O’Brien Test • The government regulation must be within constitutional powers of congress. • it must further an important or substantial government interest • It must be unrelated to the suppression of free expression, and • the incidental restriction on first amendment activities is no greater than is essential to fulfill the government's interest • Was the government’s interest in prohibiting the destruction of draft cards within the constitutional powers of congress?
United States v. O'Brien (1968) • Was the government’s interest in prohibiting the destruction of draft cards within the constitutional powers of congress? Congress has constitutional power to raise and support armies. It can establish a draft registration system assist in raising armies. • Did it further an important or substantial government interest?
United States v. O'Brien (1968) • Did it further an important or substantial government interest? Defending the country from military attack is an important government interest. • Was it unrelated to the suppression of free expression?
United States v. O'Brien (1968) • Was it unrelated to the suppression of free expression? Draft card mutilation law is related to the government’s interest in raising army rather than in the suppression of free speech. • Is the incidental restriction on first amendment activities no greater than is essential to fulfill the government's interest?
United States v. O'Brien (1968) • Is the incidental restriction on first amendment activities no greater than is essential to fulfill the government's interest? There is no alternative means that would more precisely and narrowly assure the continuing availability of issued Selective Service certificates than a law which prohibits their willful mutilation or destruction.
United States v. O'Brien (1968) Government claimed that: • Reg. certificate served as proof the individual described is registered for the draft. • Information on the draft card facilitated communication between registrants and local draft boards. • Certificates carry continual reminders of need to notify draft board of changes of address or status. • Without the law, certificates could be altered and used for deceptive purposes. • Do you think they were valid claims?

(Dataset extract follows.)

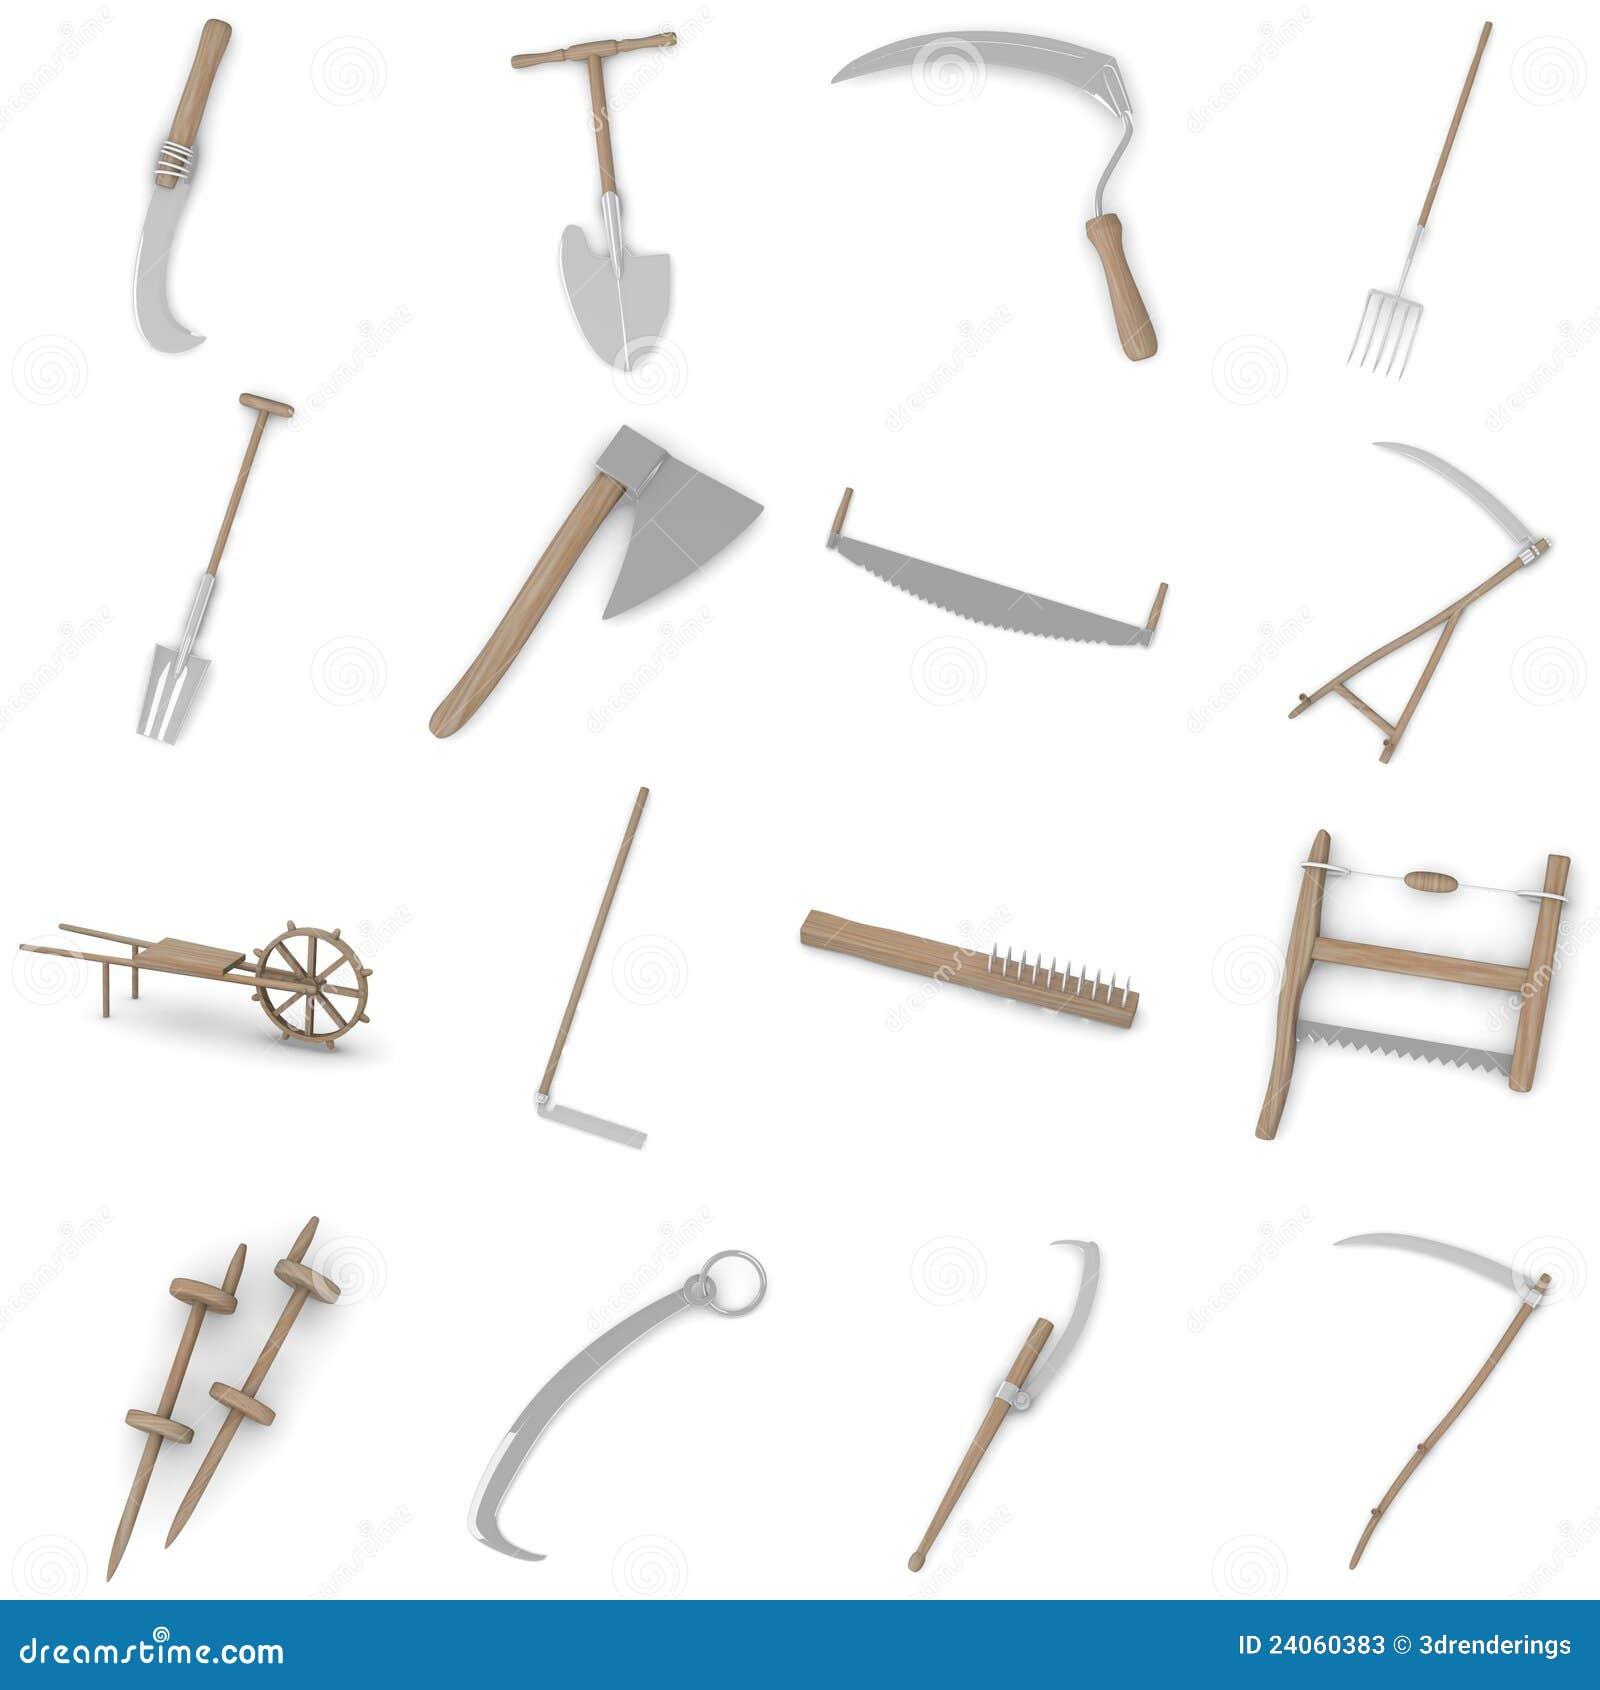 Farming Tools - 16 Stock Photos - Image: 24060383

Texas v. Johnson (1989) FACTS: • This is a criminal case in which Texas authorities prosecuted the defendant, Gregory Johnson, for having burned an American flag in front of the Dallas City Hall as part of a political protest against policies of the Reagan administration. • Johnson was charged with violation of a state statute which prohibited desecration of a venerated object. Johnson claimed that this statute was unconstitutional.
Texas v. Johnson (1989) PRECEDENT: It is a violation of the 1st amendment (as applied to the states through the 14th amendment) for a state to prohibit person from burning (or physically desecrating) an American flag when it offends onlookers or is used as a means of expressing a political viewpoint. How does the Court use the O’Brien test in arriving at this decision?
Texas v. Johnson (1989) REASONING SUMMARY: • Johnson's act of burning the flag constituted expressive conduct which is protected by the first amendment. • Under the O’Brien test, Texas must establish a sufficient state interest that is unrelated to the suppression of expression. • Texas failed to meet this burden.
Texas v. Johnson (1989) REASONING SUMMARY: • There is insufficient evidence to show a significant danger of Johnson's action resulting in a breach of the peace. • no disturbance actually took place • no reasonable onlooker would have regarded Johnson's generalized expression of dissatisfaction with the policies of the federal government as a direct personal insult. • The state's interest in preserving the flag as a symbol of nationhood and national unity is an interest that is related to expression, and therefore falls outside the scope of the O'Brien test.
Texas v. Johnson (1989) REASONING SUMMARY: • Gov. cannot prohibit the expression of an idea simply because society finds the idea offensive or disagreeable. • W. Va. Bd. of Ed. v. Barnette holds that the government has no right "to prescribe what shall be orthodox in politics, nationalism, religion, or other matters of opinion."